Here's an essay by J. A. Wylie. Its excellent. AND he's Scottish!! 
Jim

http://www.aapi.co.uk/mansbacher/papacy.htm


----------



## Ken S. (Mar 29, 2006)

thanks Andrew and Jim!


----------



## Puritan Sailor (Mar 29, 2006)

> RCC/Vatican is not only mixture of Paganisms, but truely the prophecied Whore of Babylon



I'm only going to focus on the first part of the statement here. I think you need to remember that Rome's "mixture" with paganism is not an assimilation of paganism into the Roman system. Rather, their syncretism is their means of missions. They invade a culture, first by syncretizing the native religion, and making parallels to the native religions, but over time, they weed out the pagan stuff and replace it with full blown Romanism. The whole snare is to get you to submit to the Pope. After that, it's over. You belong to them. Over time, the native religion fades away, and then you are left with the Roman tradition. The Cardinals know exactly what they believe. They have their history, councils, and creeds memorized. They will not compromise that over the long haul. 

This strategy is also working in America too btw. Notice how "evangelical" most Catholic churches look and act. Notice the deliberate allowance in American Catholicism of tolerating Protestants and ecumenical ventures. This mostly only happens in America. Their just trying to suck all the Protestants back in by syncretizing. In most other regions of the world, Rome hates Protestants and does whatever it can to suppress them.

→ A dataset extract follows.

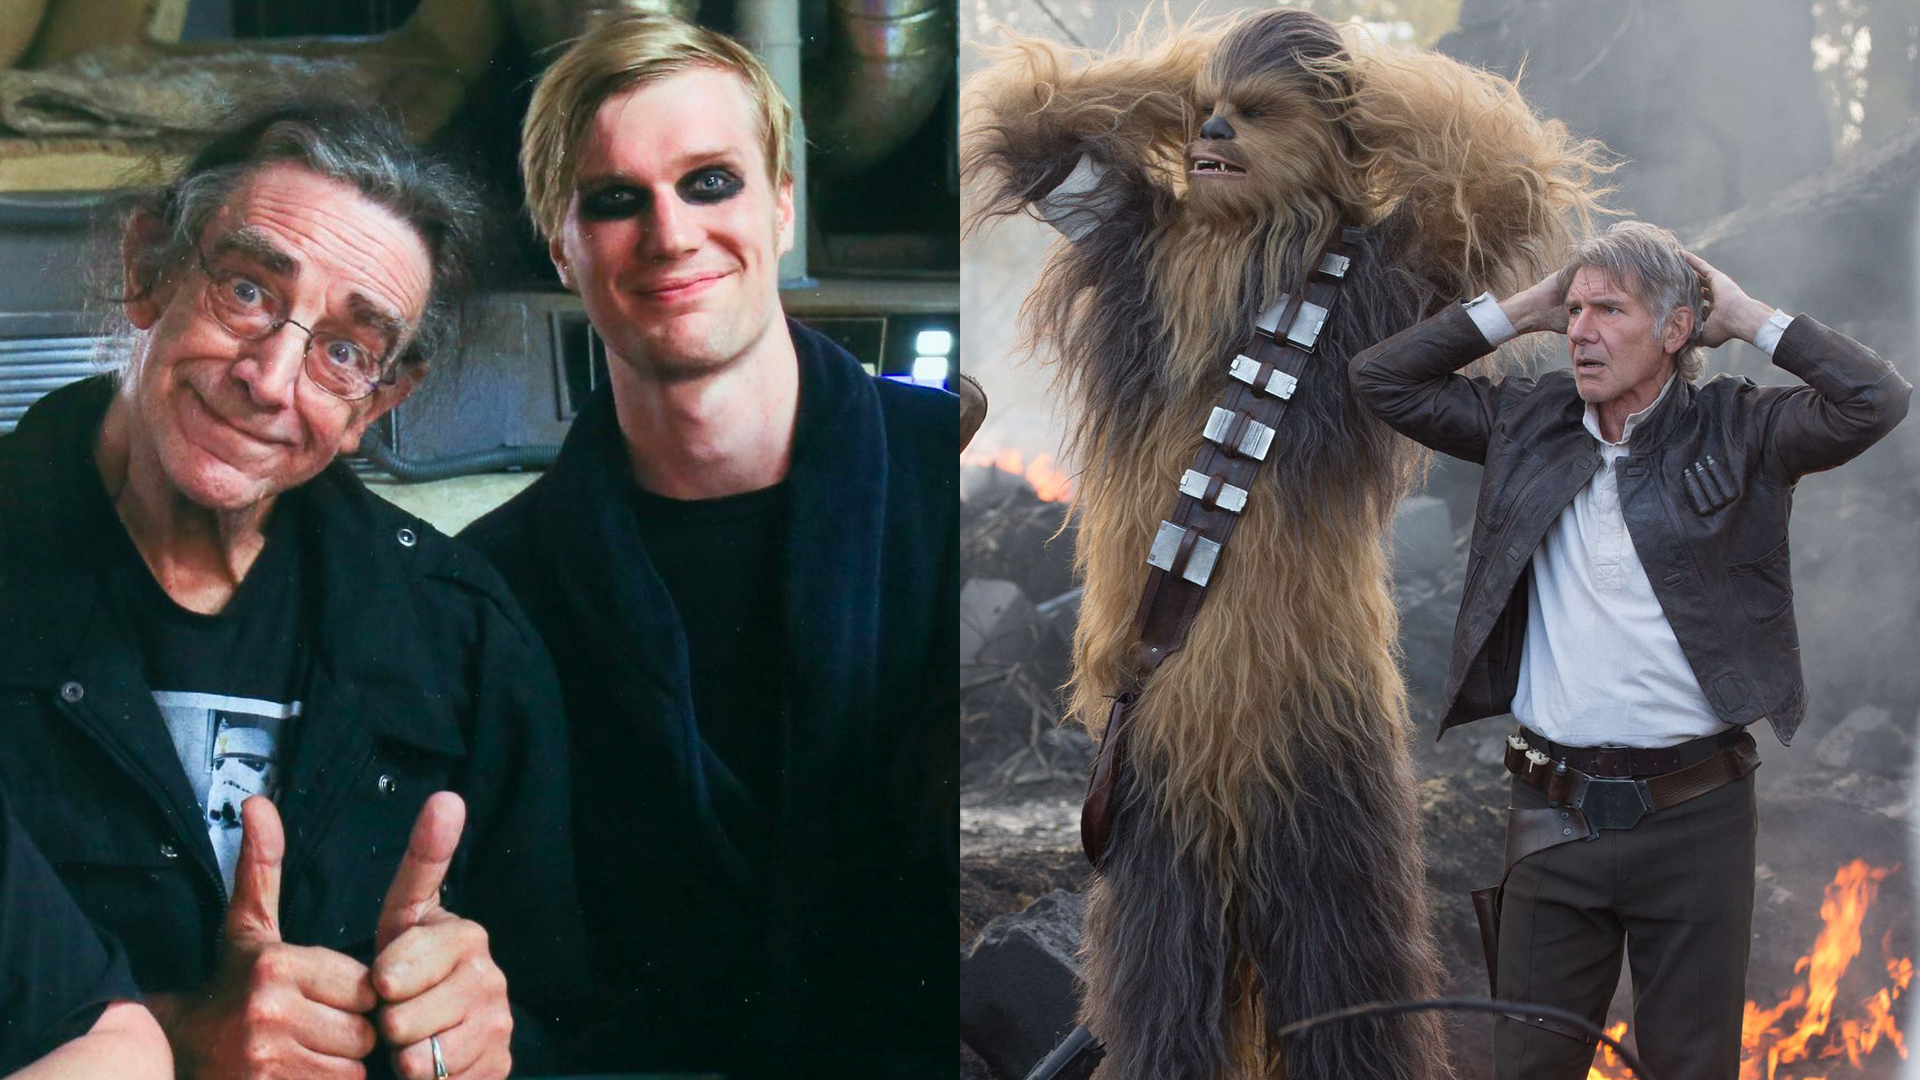 Fallece Peter Mayhew, muerto el actor de Chewbacca en Star Wars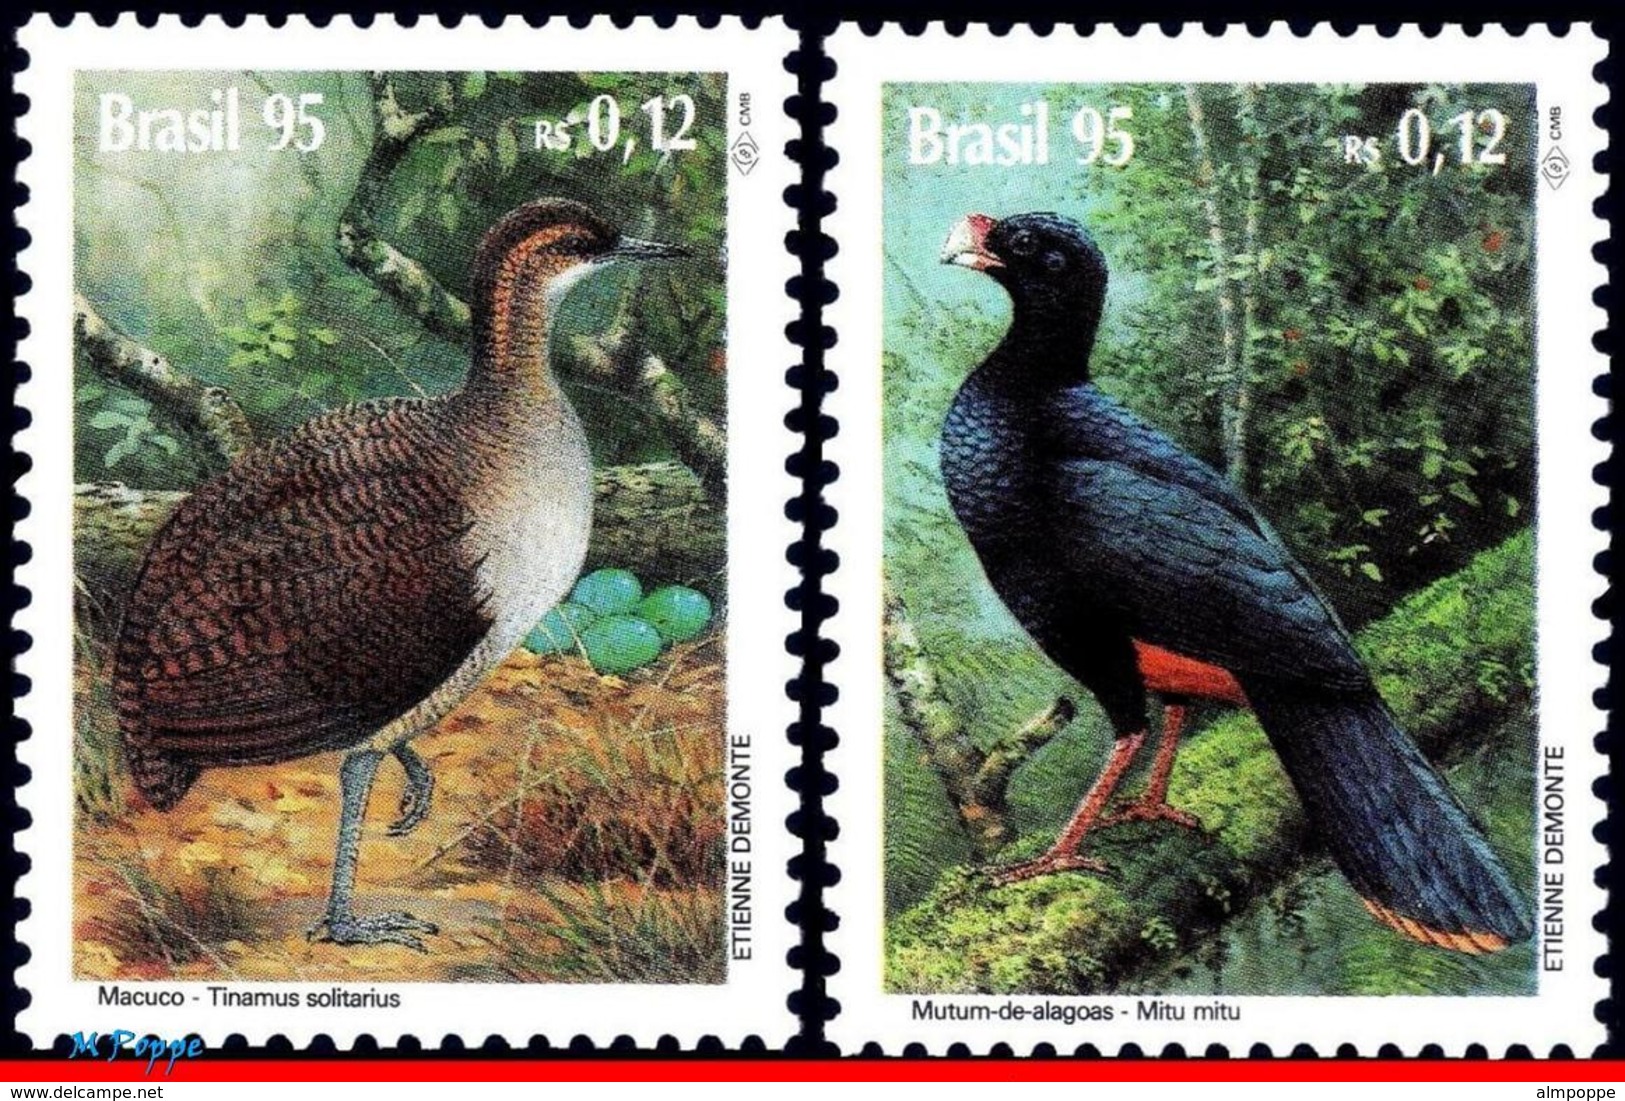 Ref. BR-2535-36 BRAZIL 1995 ANIMALS, FAUNA, ENDANGERED BIRDS,, CURASSOW, MI# 2644-45, SET MNH 2V Sc# 2535-2356 - Hühnervögel & Fasanen

[Edited on 3-30-2006 by puritansailor]


----------



## Scott (Mar 30, 2006)

"The Cardinals know exactly what they believe. They have their history, councils, and creeds memorized."

Maybe some of them. But many are just Western relativists. The now-retired Arch-Bishop Rembert Weakland is an example.


----------



## Ken S. (Apr 1, 2006)

> _Originally posted by puritansailor_
> 
> 
> > RCC/Vatican is not only mixture of Paganisms, but truely the prophecied Whore of Babylon
> ...



Your comment is very important and valuable, it is great insight, and thank you very much.

*It is known from the news the day before yesterday that the official negotiation has been carried out by Vatican and China on Sino-Vatican relation*. I found it a breaking news to me the moment I heard about it in TV, and it just sounded the thing is happening so fast, and so terrifying. 
Me and some Chinese Christians have already started discussing Sino-Vatican relation negotiation in the other forum. We will still need help from all of you, and I want to thank you, and others, once again.
*We must start praying on the issue*.


----------



## biblelighthouse (Apr 1, 2006)

> _Originally posted by Draught Horse_
> I am going to be the odd-ball out, with respect to my historicist friends (and they are friends), and say Nero was the Beast.






I agree, Jacob. Nero was the beast. The pope is not.

I think the reformers had powerful emotional and political reasons to think of the RCC and the pope as the beast . . . but not such good exegetical reasons.


----------



## Peter (Apr 1, 2006)

Which beast?

Realize that not only the Reformers identified the Papacy as central in the anti-christian system, but the post-reformers and most protestants up until well into the 19th century. Blanket charges of emotional blindness and lack of exegesis really discredit the author in light of monumental works such as Turretin's 7th disputation.


----------



## biblelighthouse (Apr 1, 2006)

> _Originally posted by Peter_
> Which beast?
> 
> Realize that not only the Reformers identified the Papacy as central in the anti-christian system, but the post-reformers and most protestants up until well into the 19th century. Blanket charges of emotional blindness and lack of exegesis really discredit the author in light of monumental works such as Turretin's 7th disputation.



I never said there was "lack of exegesis". I just said that, in my personal opinion, the exegesis is not good.

I could be wrong, and I may change my mind. I don't have any theological degrees, and I don't claim expertise. 

All I'm saying is that after looking at partial preterism and historicism, I am much more convinced that Nero was the beast of Revelation, and that the Pope could not be the beast of Revelation. In other words, I am more impressed by the exegesis of Kenneth Gentry Jr. than by the exegesis of Luther. 

That doesn't mean that I'm right. It just means that is my current opinion.


----------



## Ken S. (Apr 18, 2006)

> _Originally posted by puritansailor_
> 
> 
> > RCC/Vatican is not only mixture of Paganisms, but truely the prophecied Whore of Babylon
> ...




You insight is really great and genuine. I've already copied your comment to my home-forum, a China Christian forum.
I wish you could also write down some historical facts that helps to elaborate how RCC localized themselve when first arriving at a culture, and then gradually Romanize(foreignize and assimilate) the culture completely.


----------